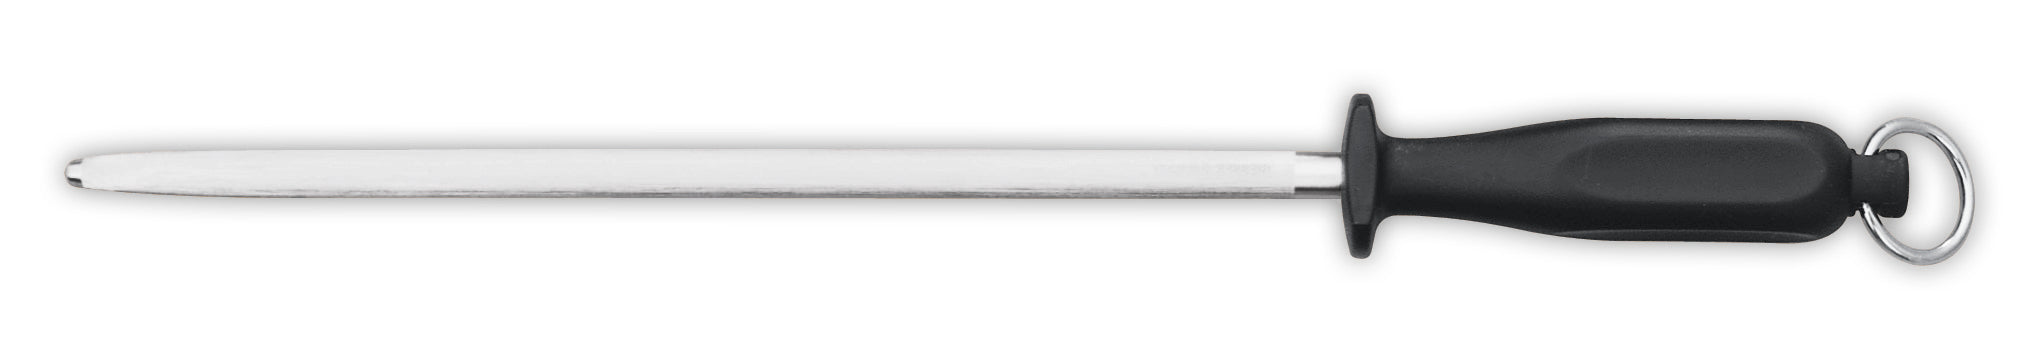 Giesser 31cm / 12" Sharpening Steel
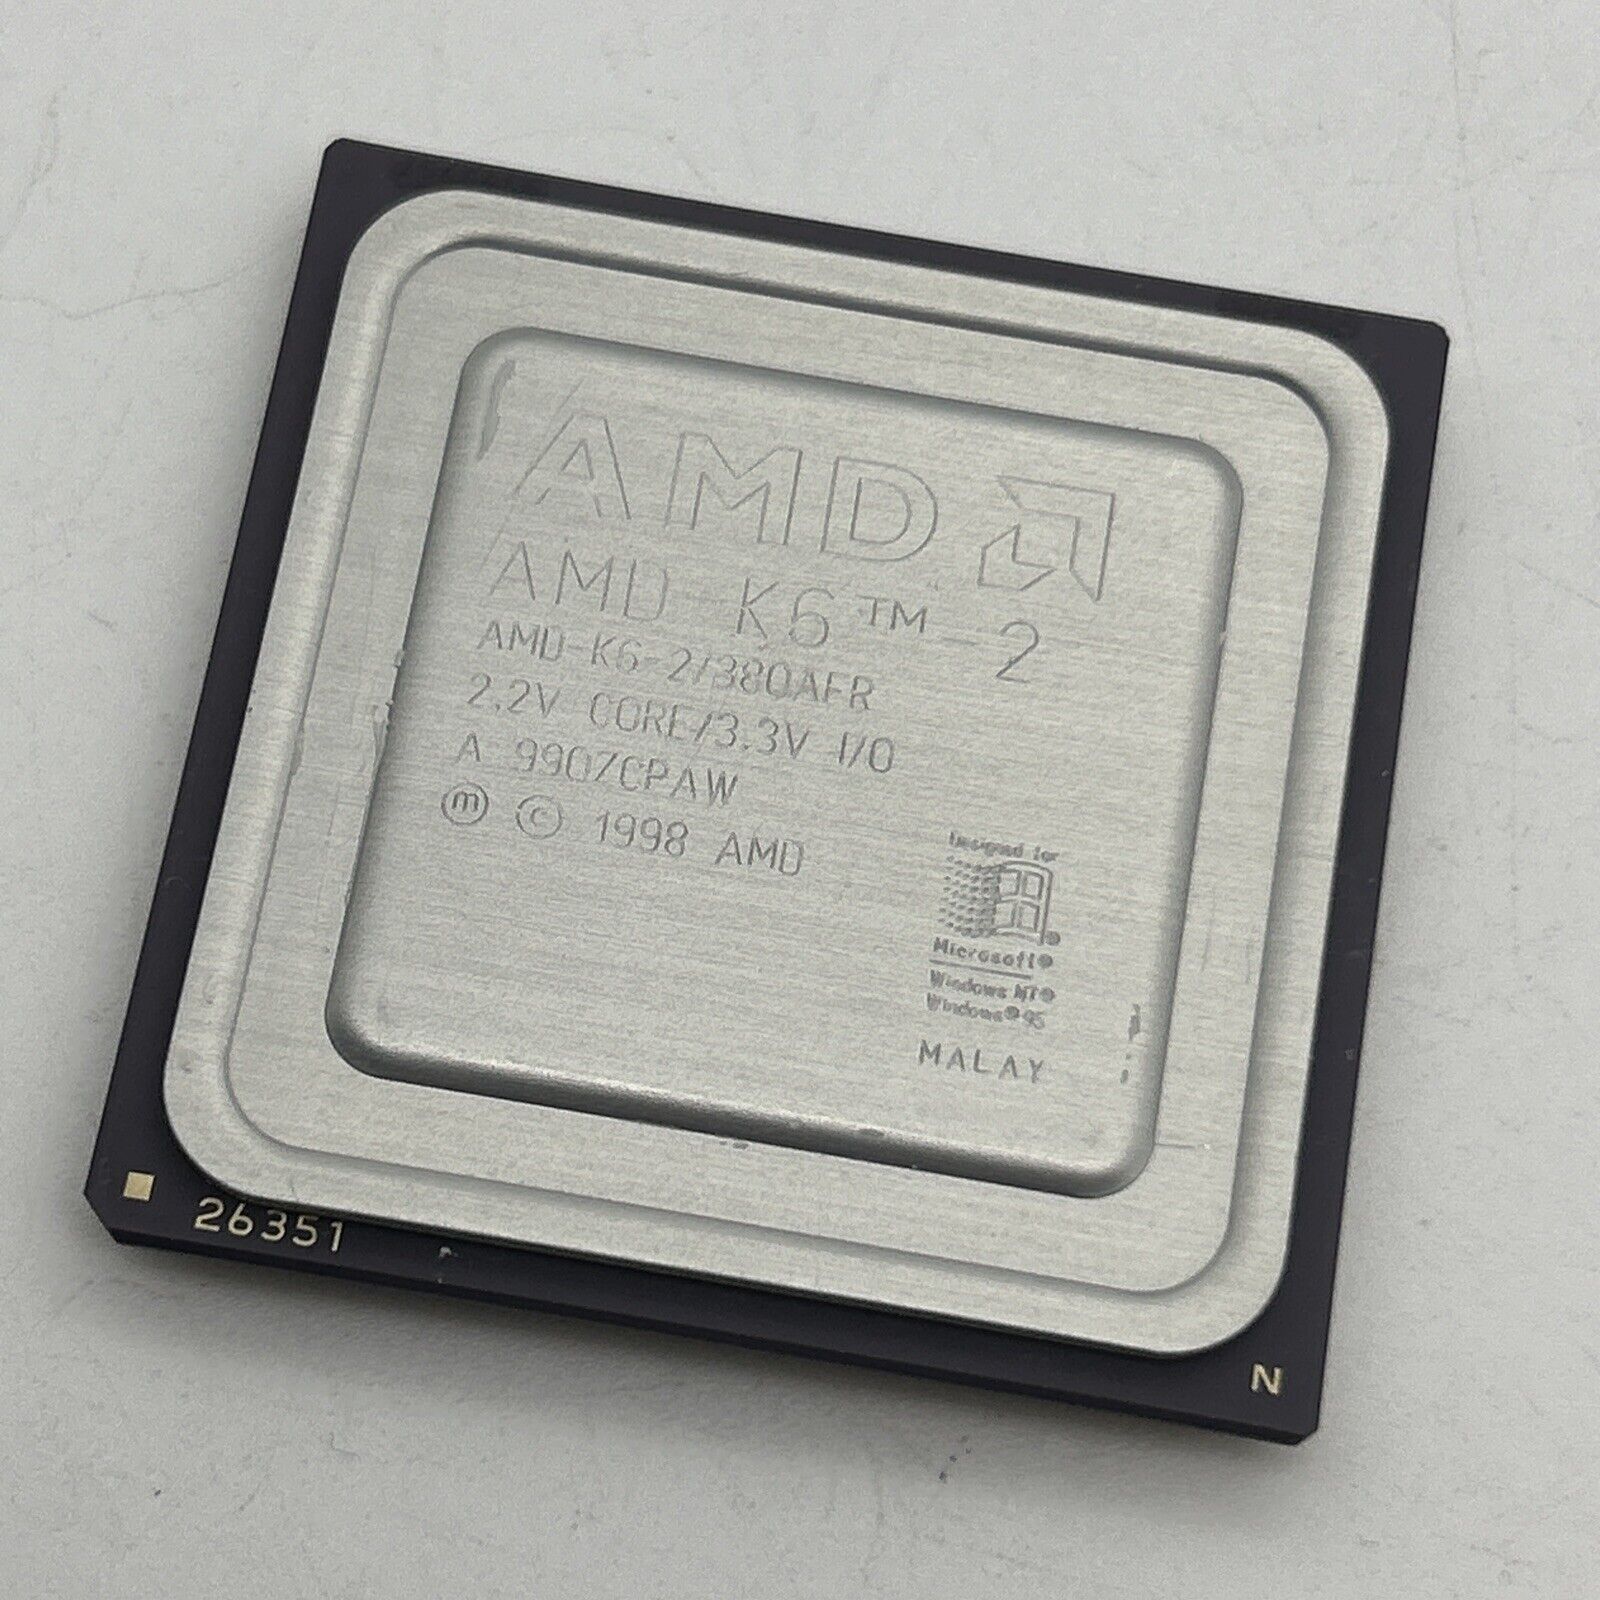 AMD K6-2 380AFR AFQ 380MHz 2.2v core 3.3V Socket 7 CPU 1998 Vintage K6-II AFR
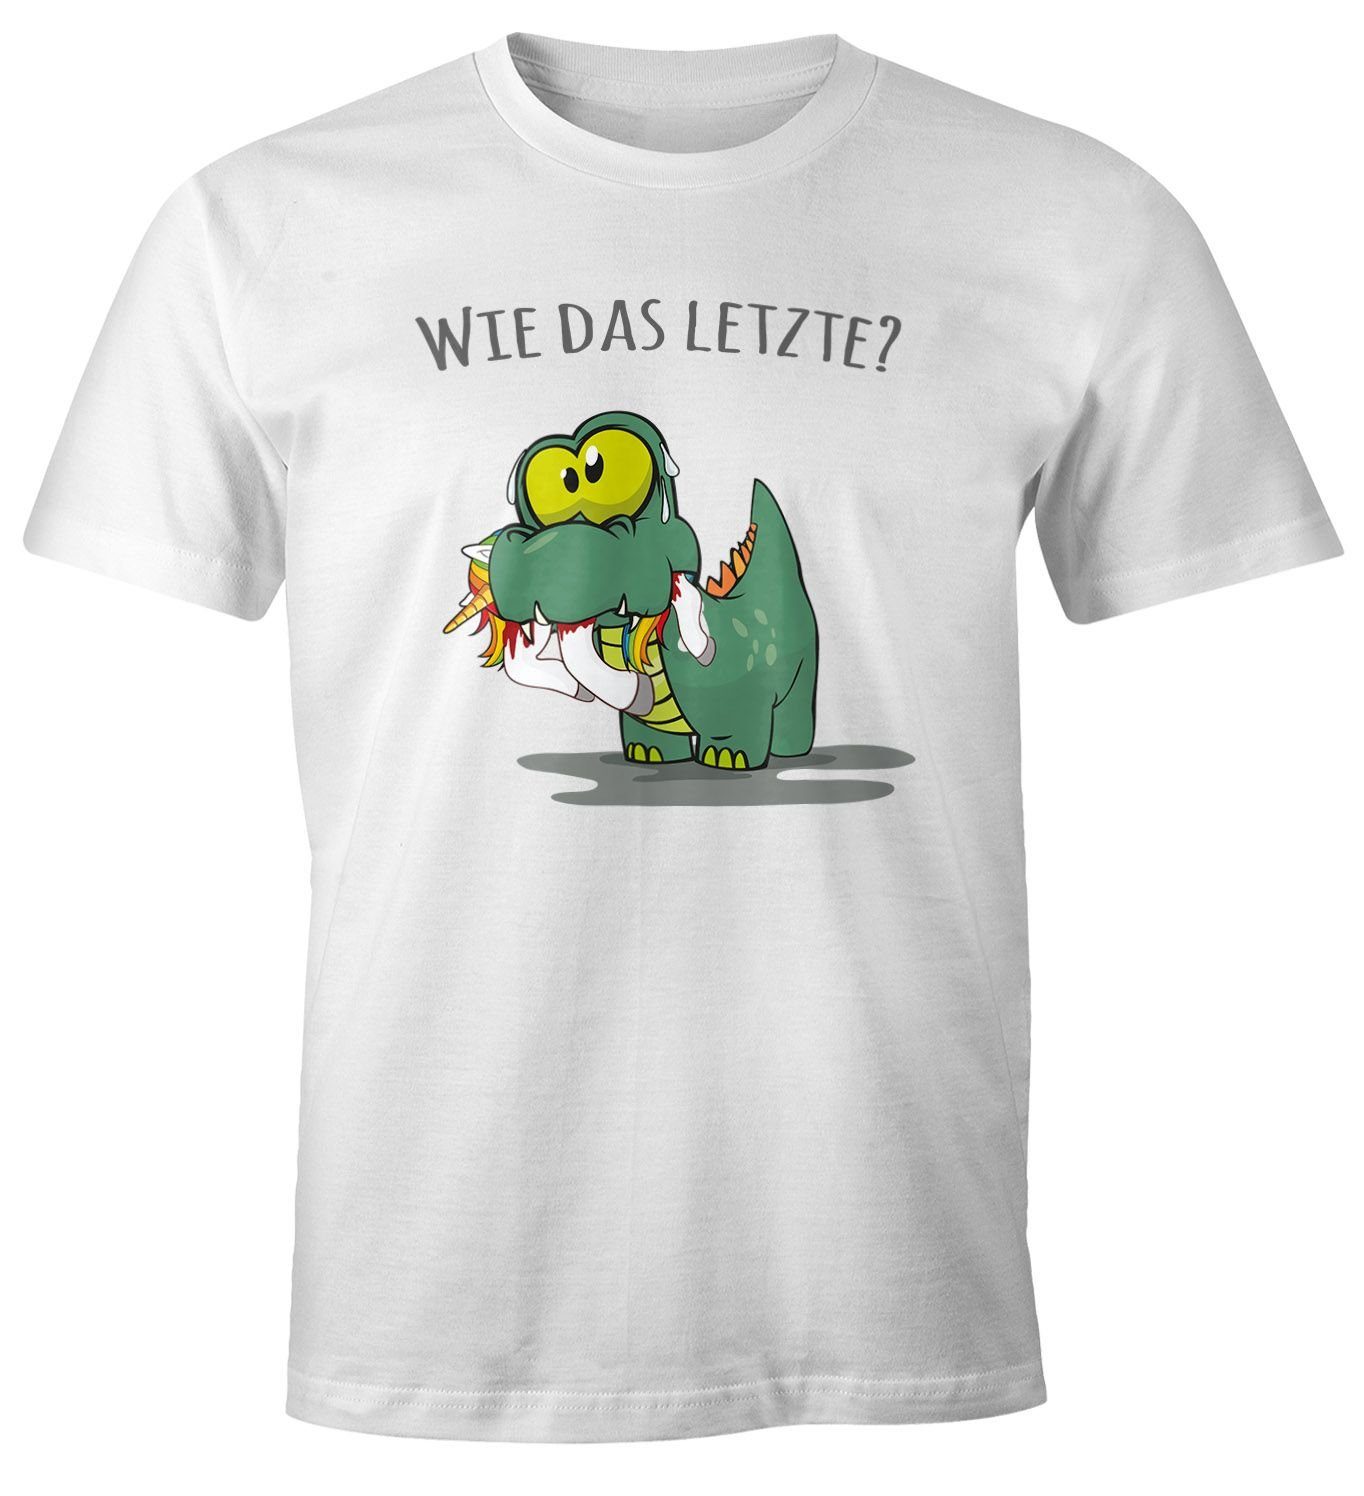 MoonWorks Print-Shirt Herren T-Shirt Fun Motiv kleiner Dino frisst Einhorn Spruch "Wie das Letzte?" Fun-Shirt lustig Moonworks® mit Print
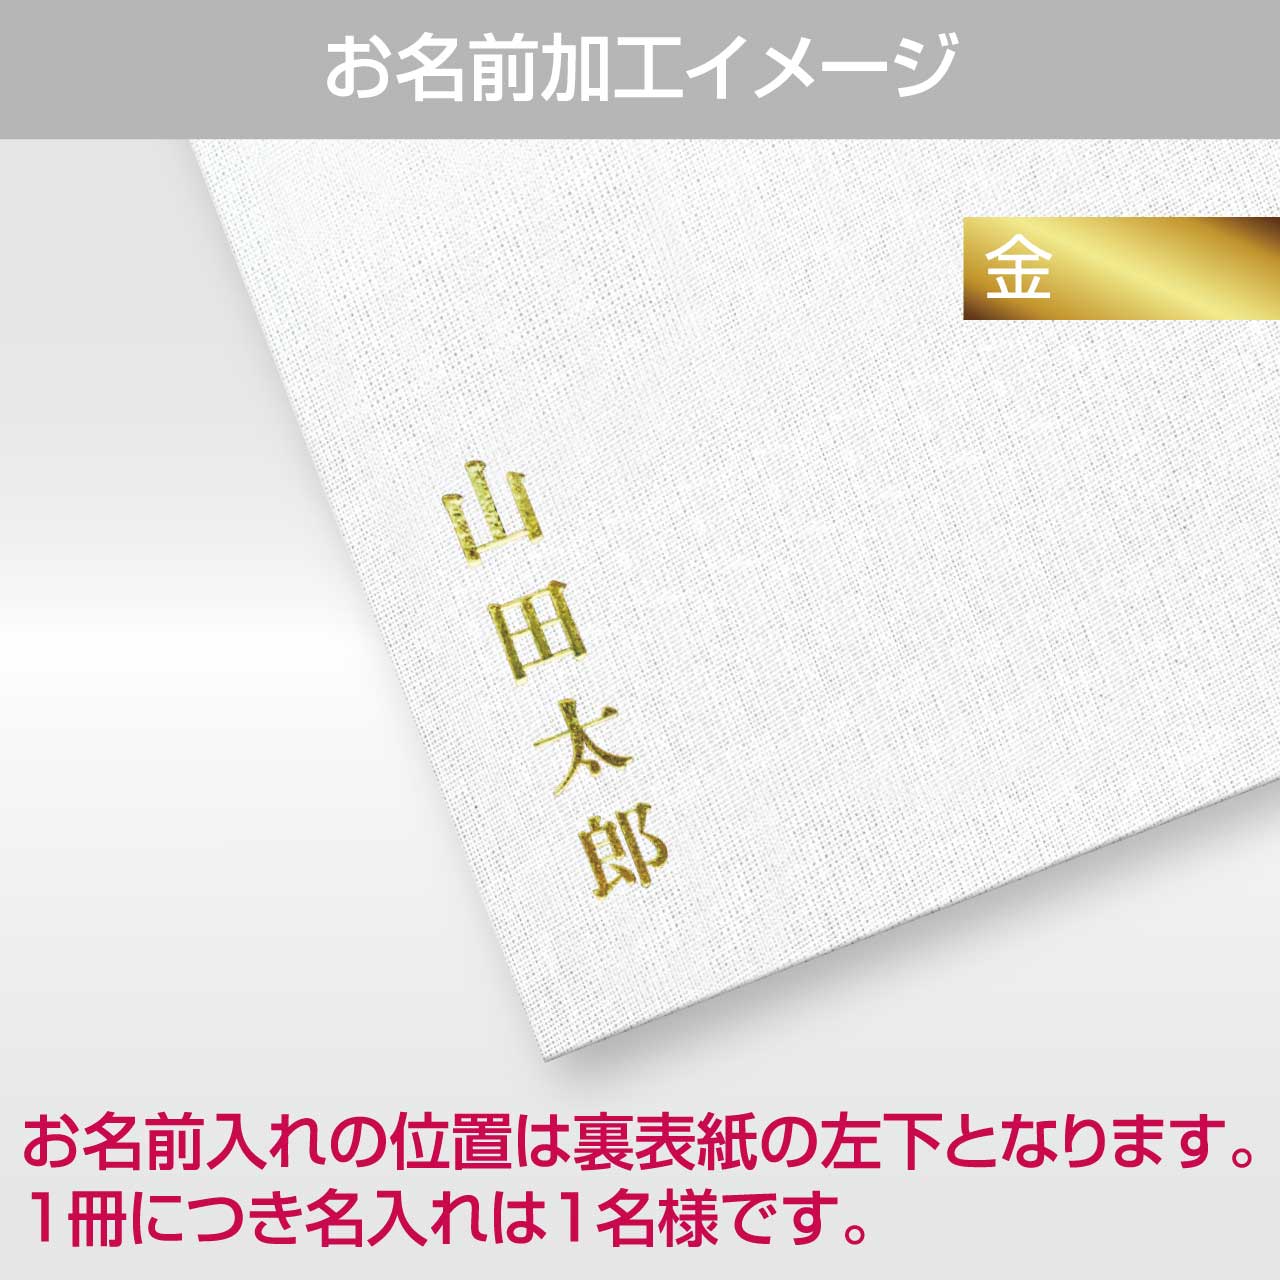 Goshuin book “Kiyora” Aoten Sunflower

### Required action
Final stretch of the data: repeat exactly each line from the one containing "AMD K6-2 380AFR" through the last, and omit all pictures.

### Expected output
 AMD K6-2 380AFR AFQ 380MHz 2.2v core 3.3V Socket 7 CPU 1998 Vintage K6-II AFR
 MoonWorks Print-Shirt Herren T-Shirt Fun Motiv kleiner Dino frisst Einhorn Spruch "Wie das Letzte?" Fun-Shirt lustig Moonworks® mit Print
 Goshuin book “Kiyora” Aoten Sunflower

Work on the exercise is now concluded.